**Collected material:**

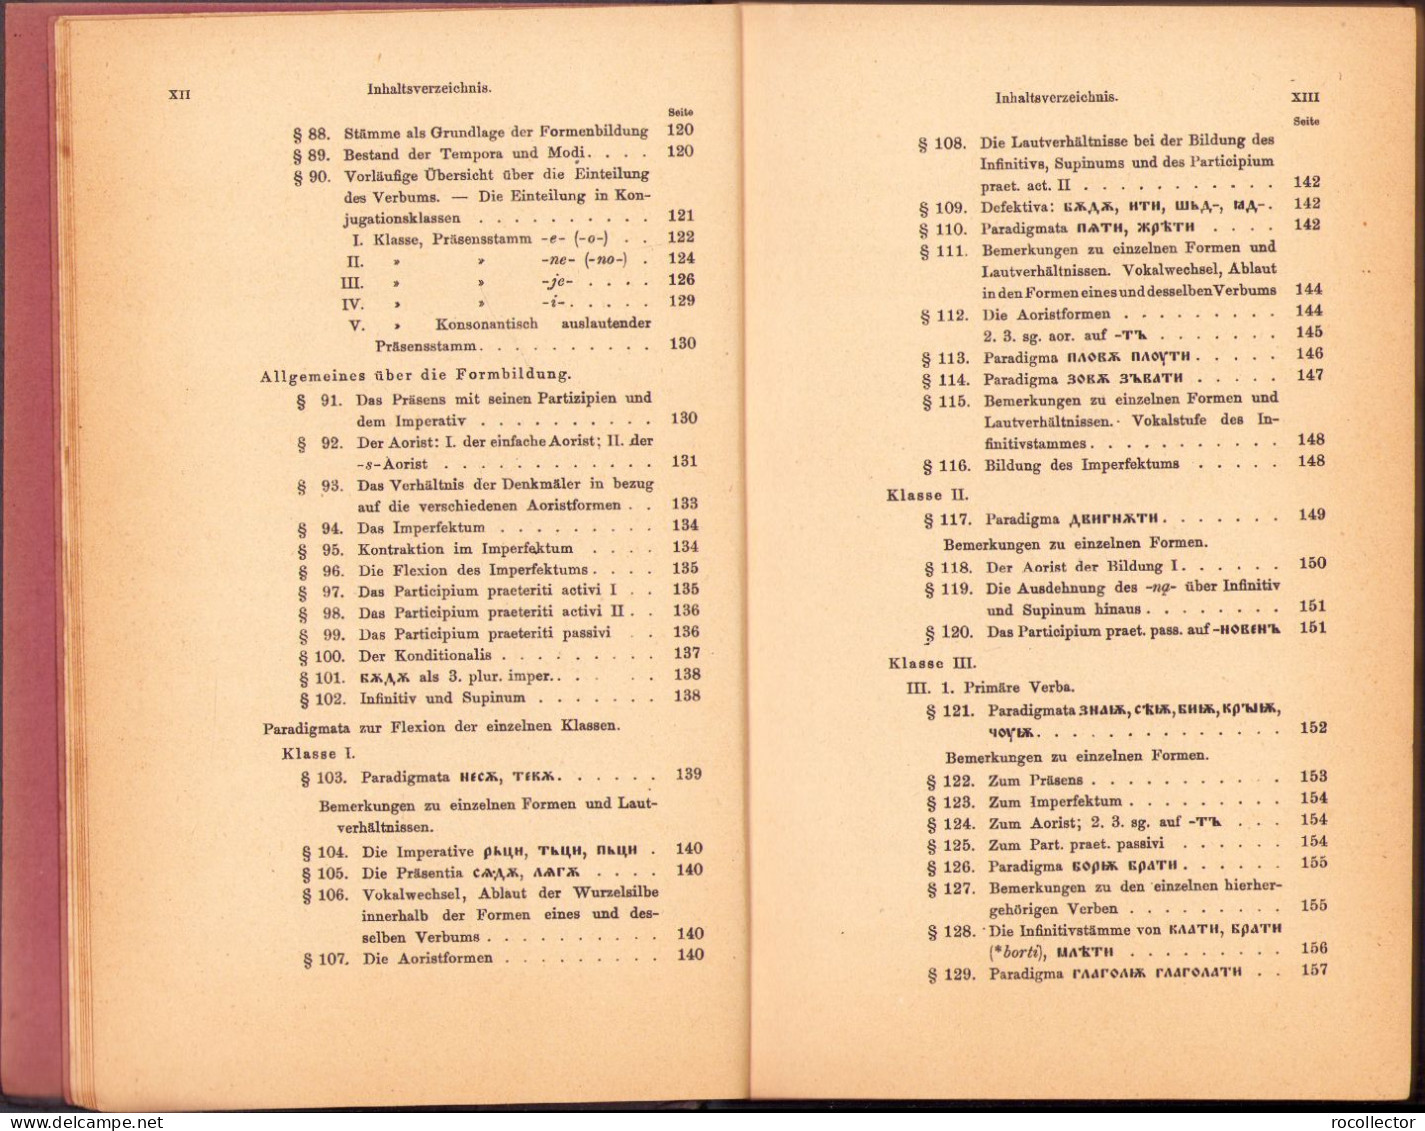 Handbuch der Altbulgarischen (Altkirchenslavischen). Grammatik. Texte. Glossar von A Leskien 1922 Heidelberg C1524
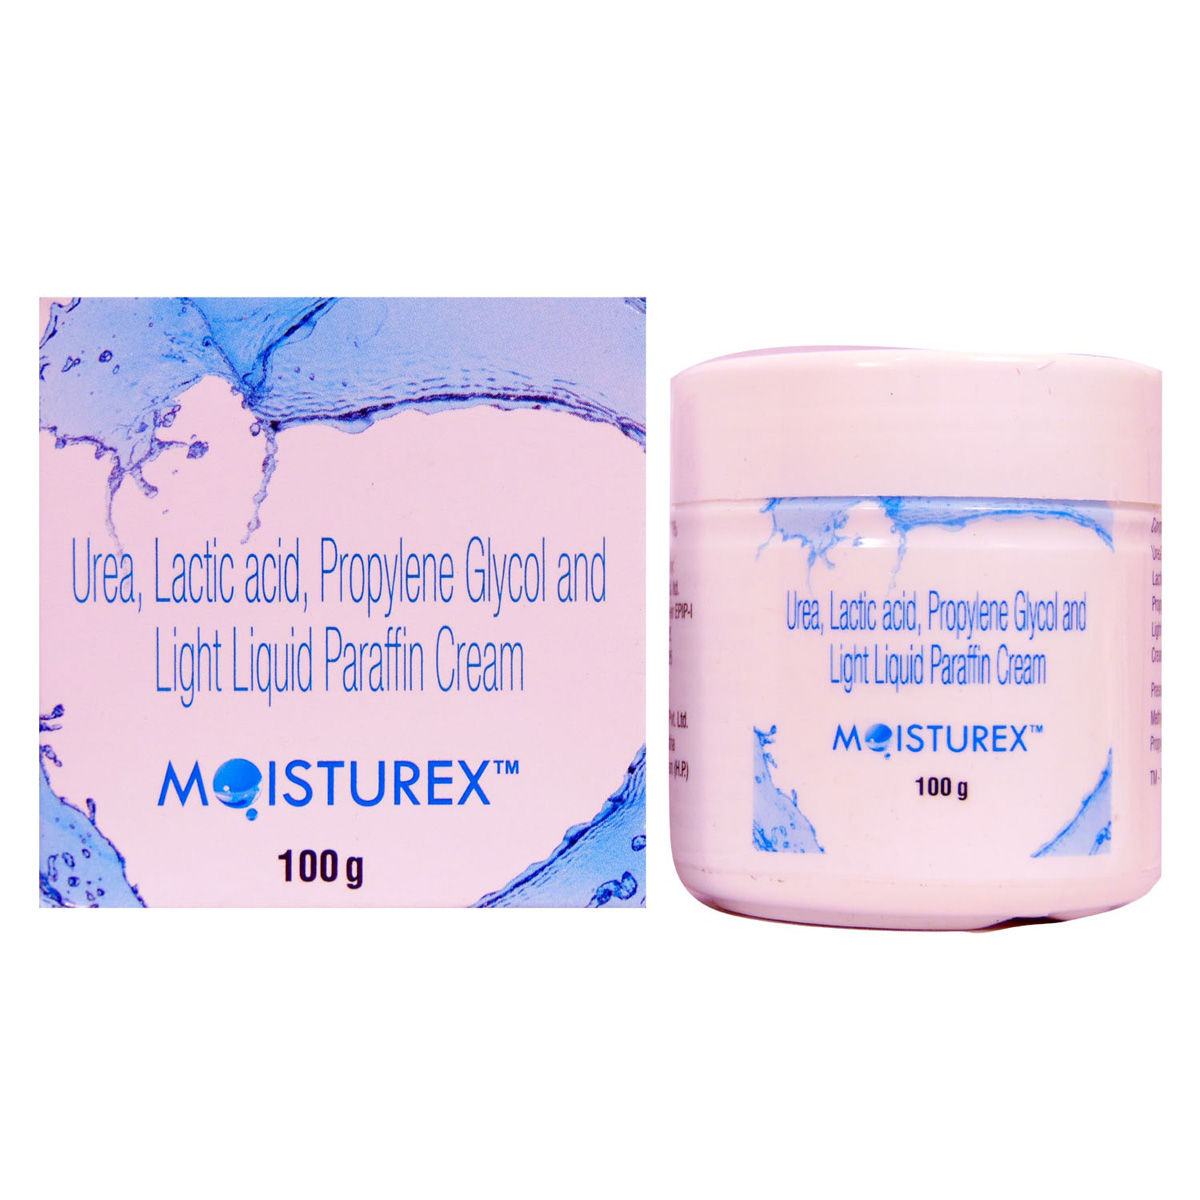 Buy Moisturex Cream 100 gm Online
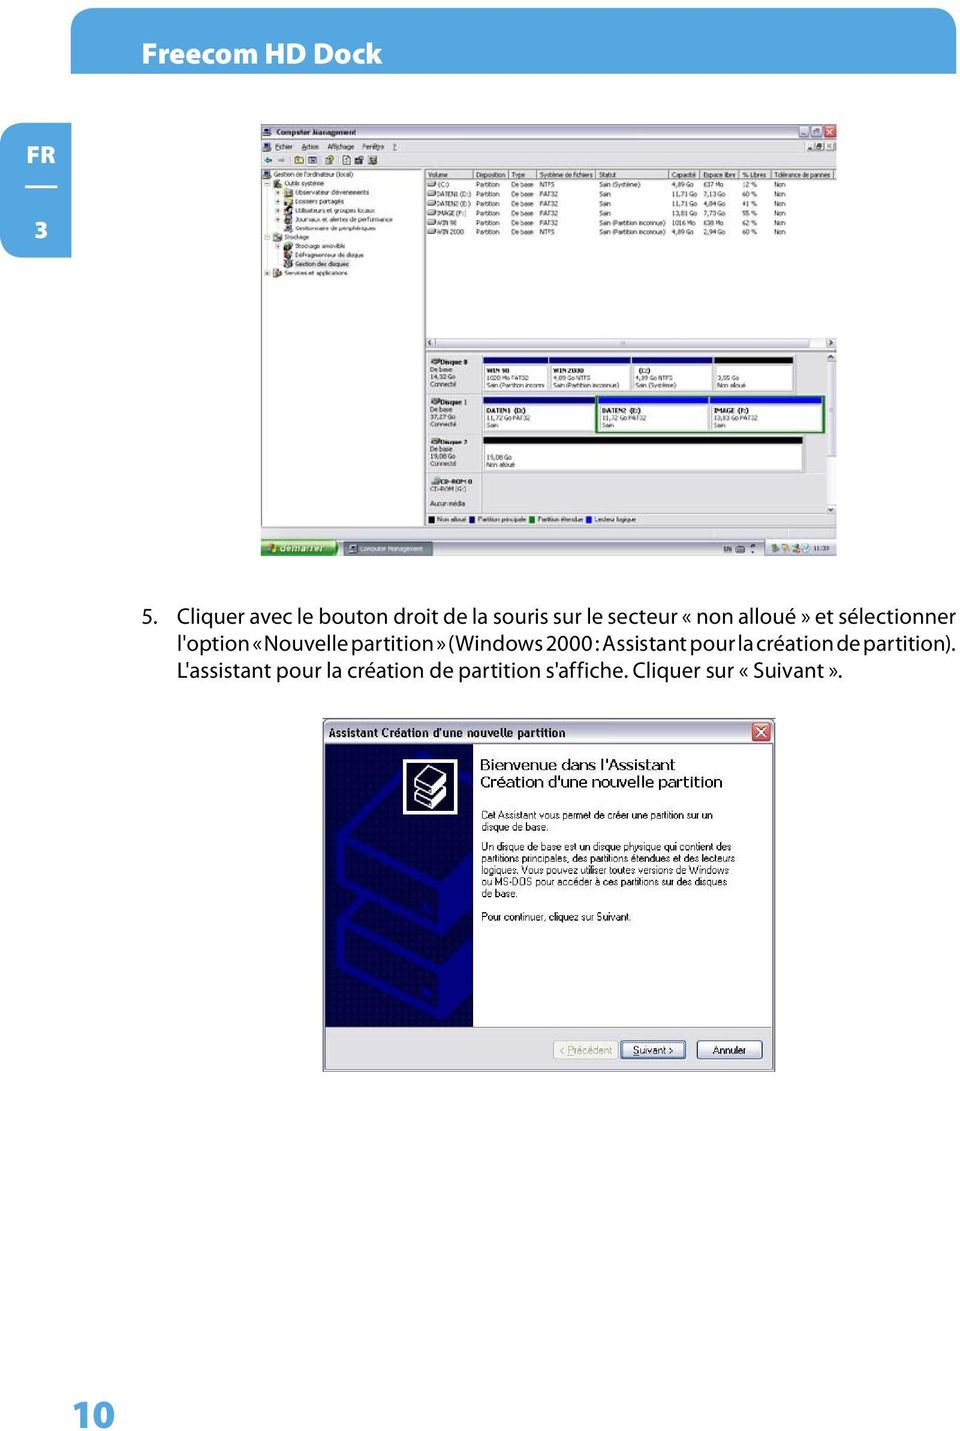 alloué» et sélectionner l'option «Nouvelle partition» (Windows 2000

**Exercise aim:** Give back the full data exactly as it reads, but drop the pictures.

**Exercise output:**
 Handbuch der Altbulgarischen (Altkirchenslavischen). Grammatik. Texte. Glossar von A Leskien 1922 Heidelberg C1524
 Buy Moisturex Cream 100 gm Online
 alloué» et sélectionner l'option «Nouvelle partition» (Windows 2000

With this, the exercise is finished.